Anime production companies left out of job boards
“If there’s a site that says, ‘You can find information on anime-related employment opportunities in one shot by looking here!’, I think that alone will increase visibility.”
— Kazuya Masumoto, TRIGGER animation producer
Context: Masumoto told anime journalist Atsushi Matsumoto in a live-streamed interview in February that production studios and small businesses in the anime industry rarely advertise jobs on Rikunabi and Mynavi, the two largest job boards operating in Japan, because of the cost of creating listings.
Why it matters: Job boards run by HR technology companies are growing in popularity among young job-seekers, and anime companies are losing out on potential talent by being shut out from such platforms.

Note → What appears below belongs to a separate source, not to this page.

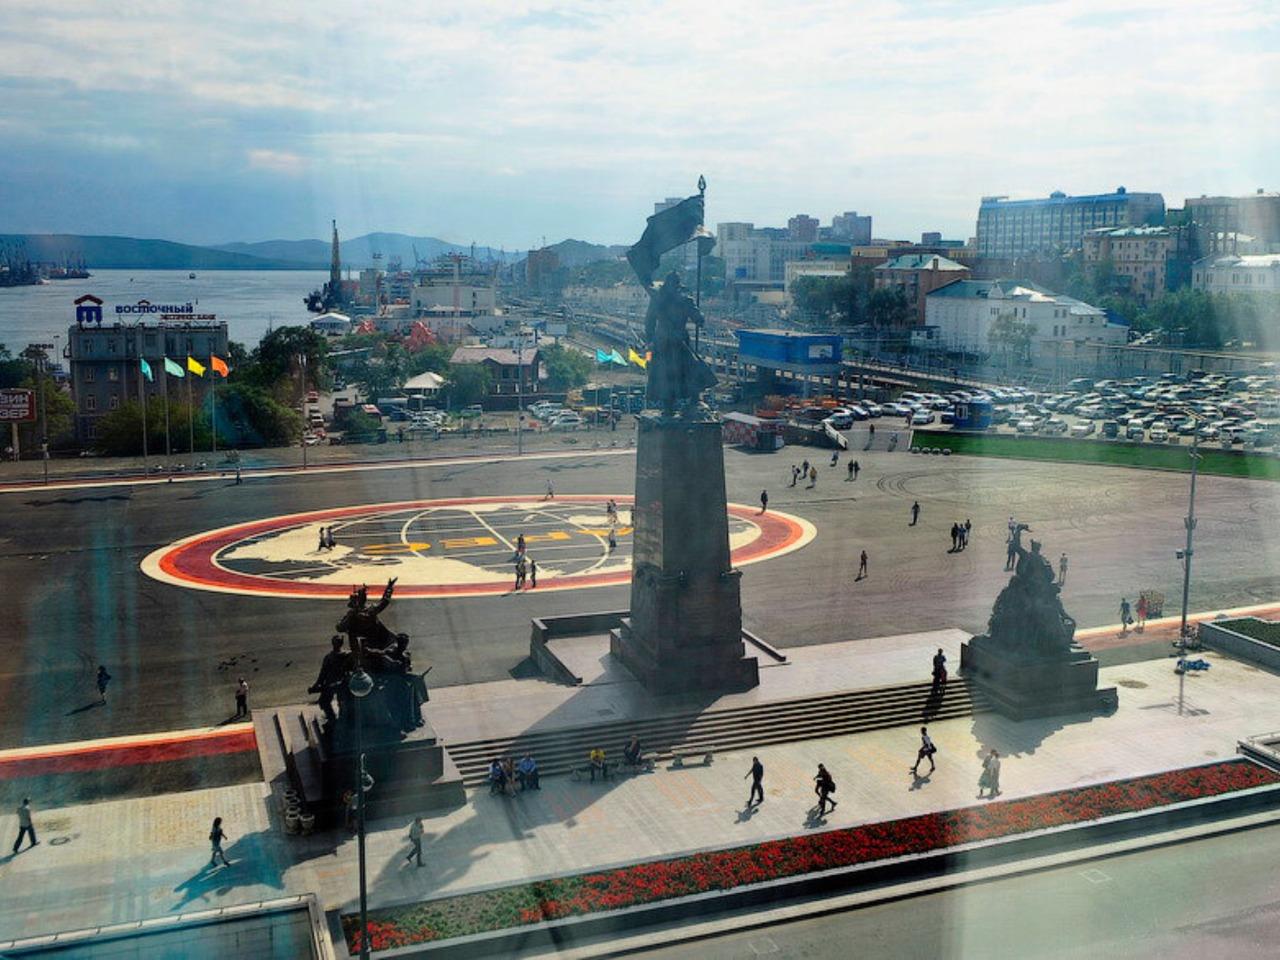 """Архитектурный mix """"Тихоокеанского Константинополя"""" - индивидуальная экскурсия по Владивостоку от опытного гида"""
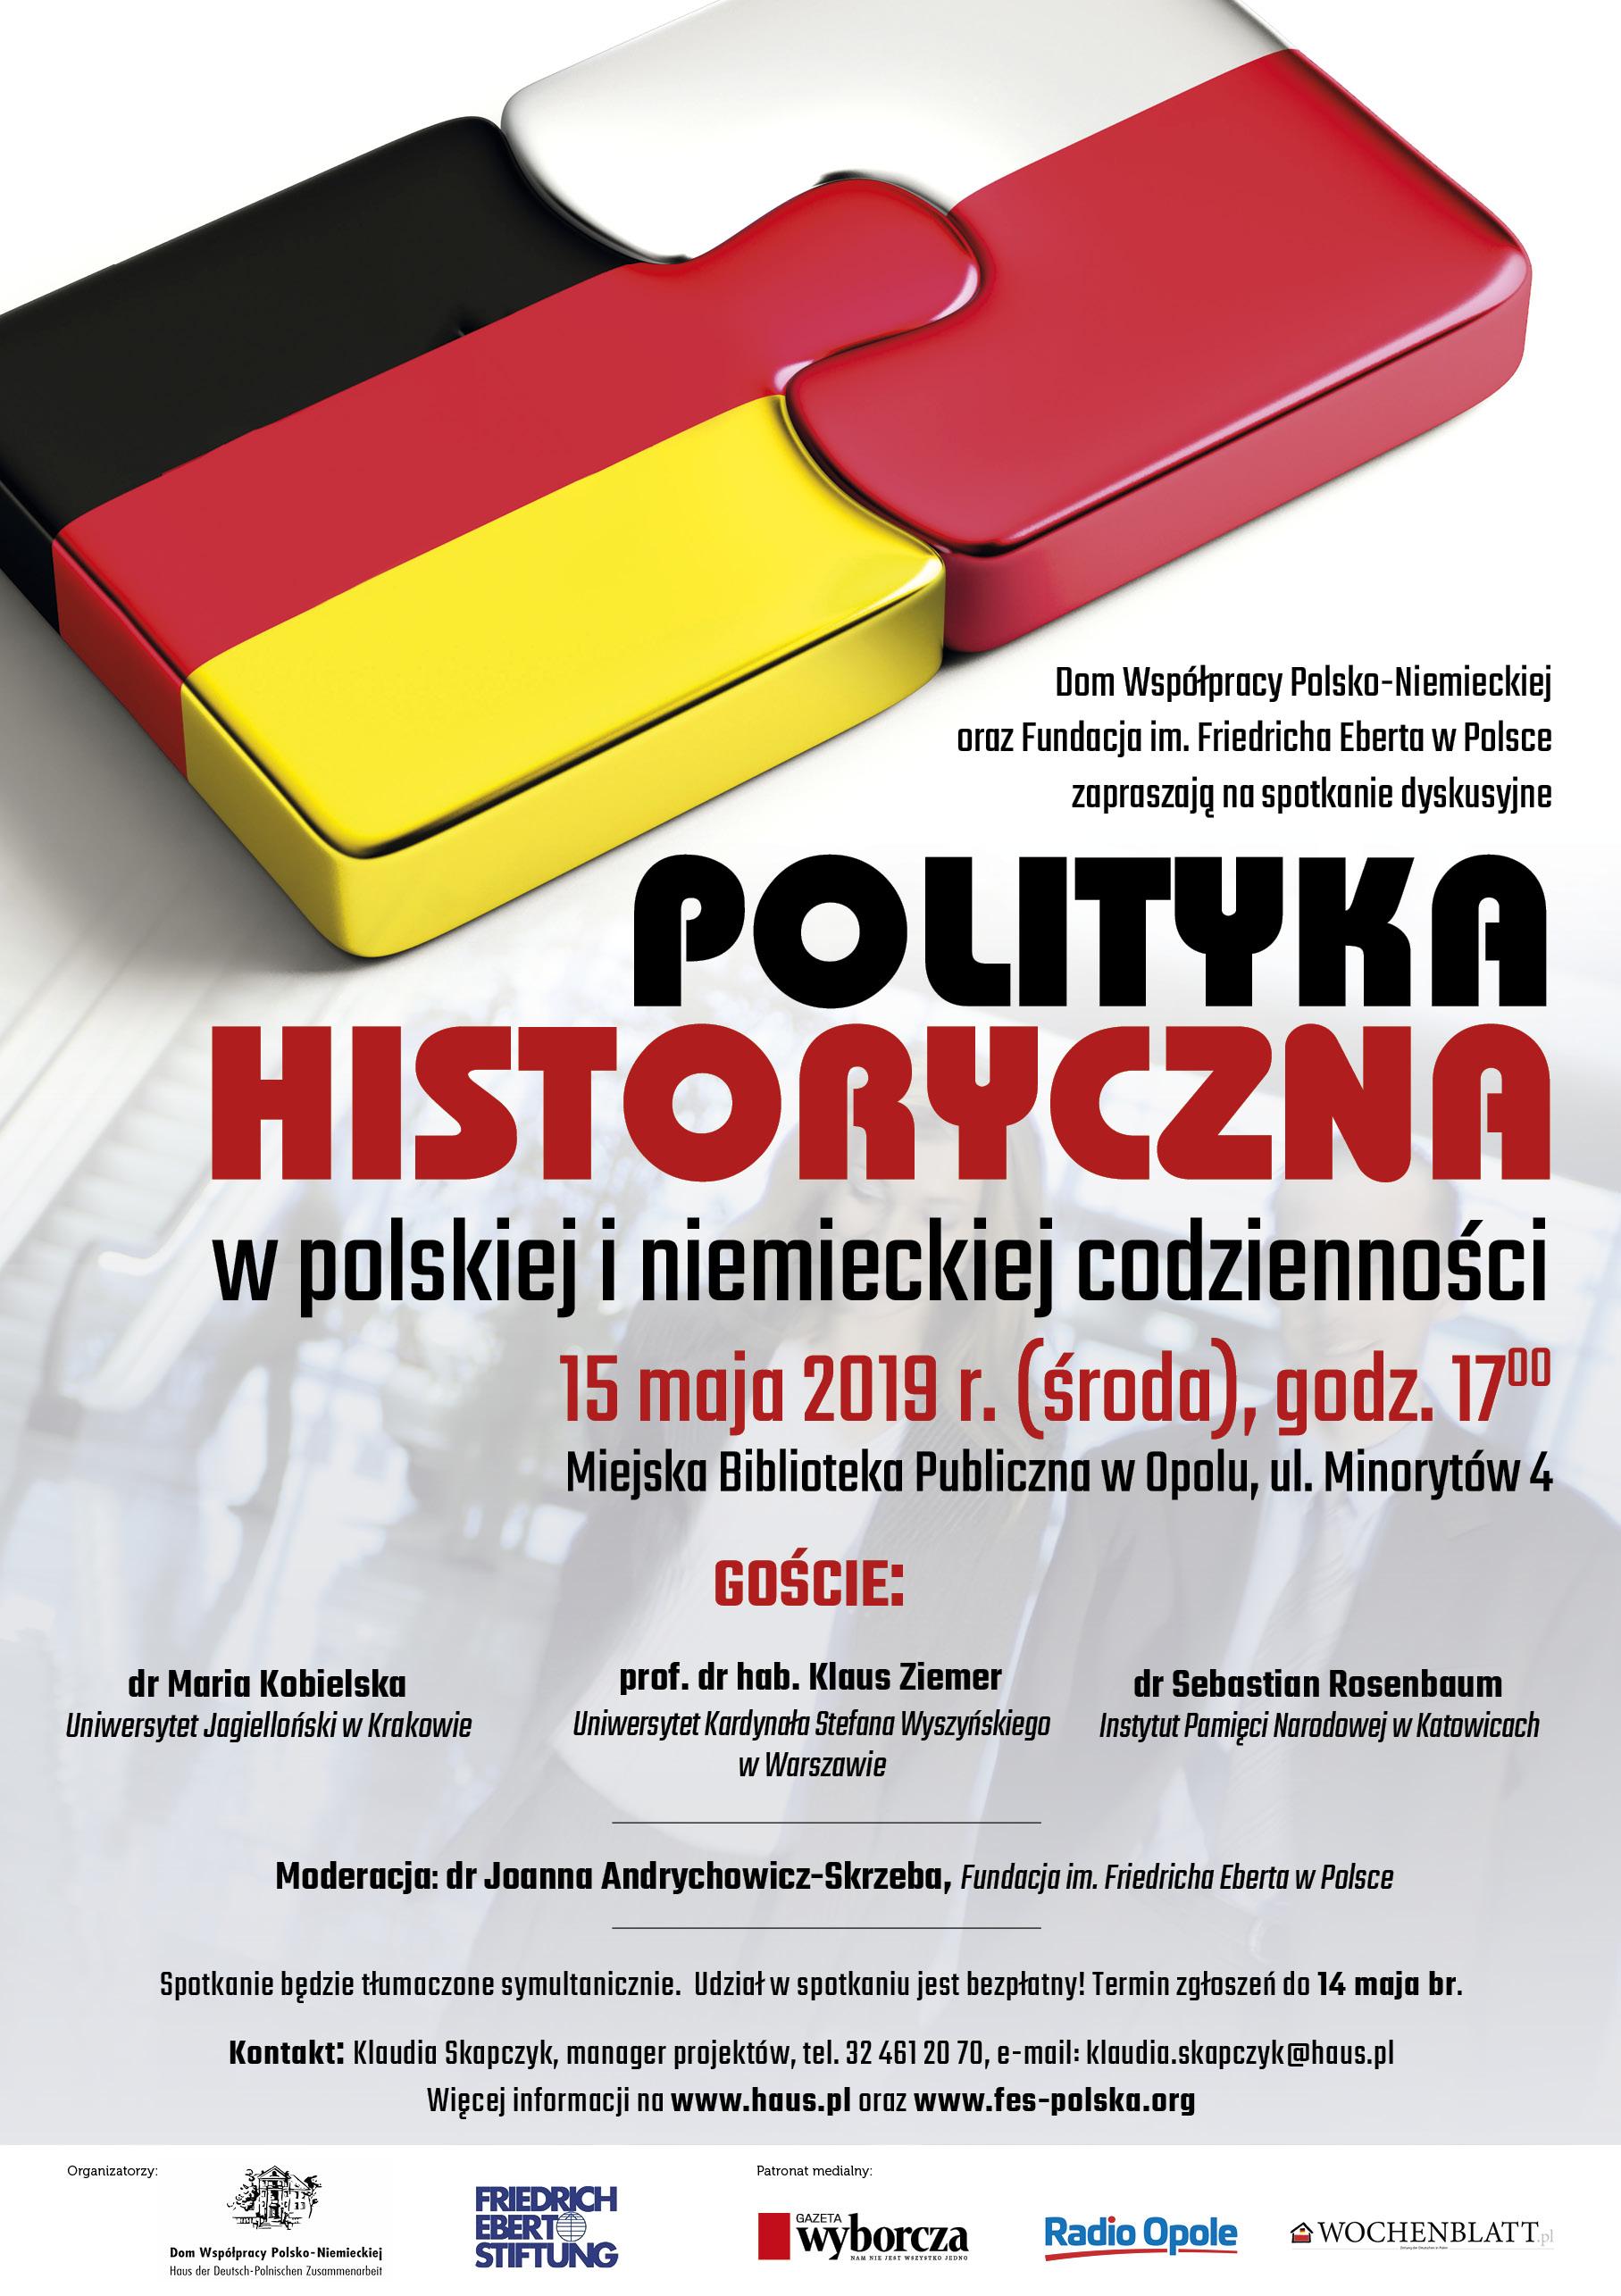 """Spotkanie dyskusyjne """"Polityka historyczna w polskiej i niemieckiej codzienności"""" odbędzie się w środę (15.05) w MBP w Opolu"""

“I tell university students, ‘You can’t find anything by searching there, so you should just check out the official websites and events of anime companies on your own,’ but this is still not well known,” Masumoto said.
Read the two-part transcript of the interview (in Japanese) on ASCII Business.
Anime professionals resistant to national museum plan
As the Japanese government revives its plans for a national art museum for anime and manga, some in the anime industry are hesitant to embrace the effort, saying it would be a burden on existing resources.
Why it matters: The anime industry’s muted response to the museum plan stands in contrast to that of the manga industry, which began its own archival plans in the absence of a central effort.
Driving the story: Japanese tabloid Nikkan Spa! interviewed a number of anime industry professionals who raised concerns about the lack of human resources needed to manage the large amount of animation drawings and storyboards.
“Who will take care of getting the consent of all the production committee members?” one planning company official told the tabloid.
Yasuhiro Nishigochi, chaiman of the Japanese Society of Study on Library Problems, questioned whether the government can secure an appropriate budget for the museum, given that other museums have had to resort to crowdfunding to help cover operational costs.
Where things stand: Aside from preservation efforts, the government also plans to turn the museum into a tourist attraction to draw international visitors.
Yes, but: “Popularity and commercial success do not equal cultural value,” journalist Tadashi Sudo wrote in a recent column. “Focusing on cultural values other than economic rationality and pointing toward an integrated direction that transcends divisions is a role that only the nation can play.”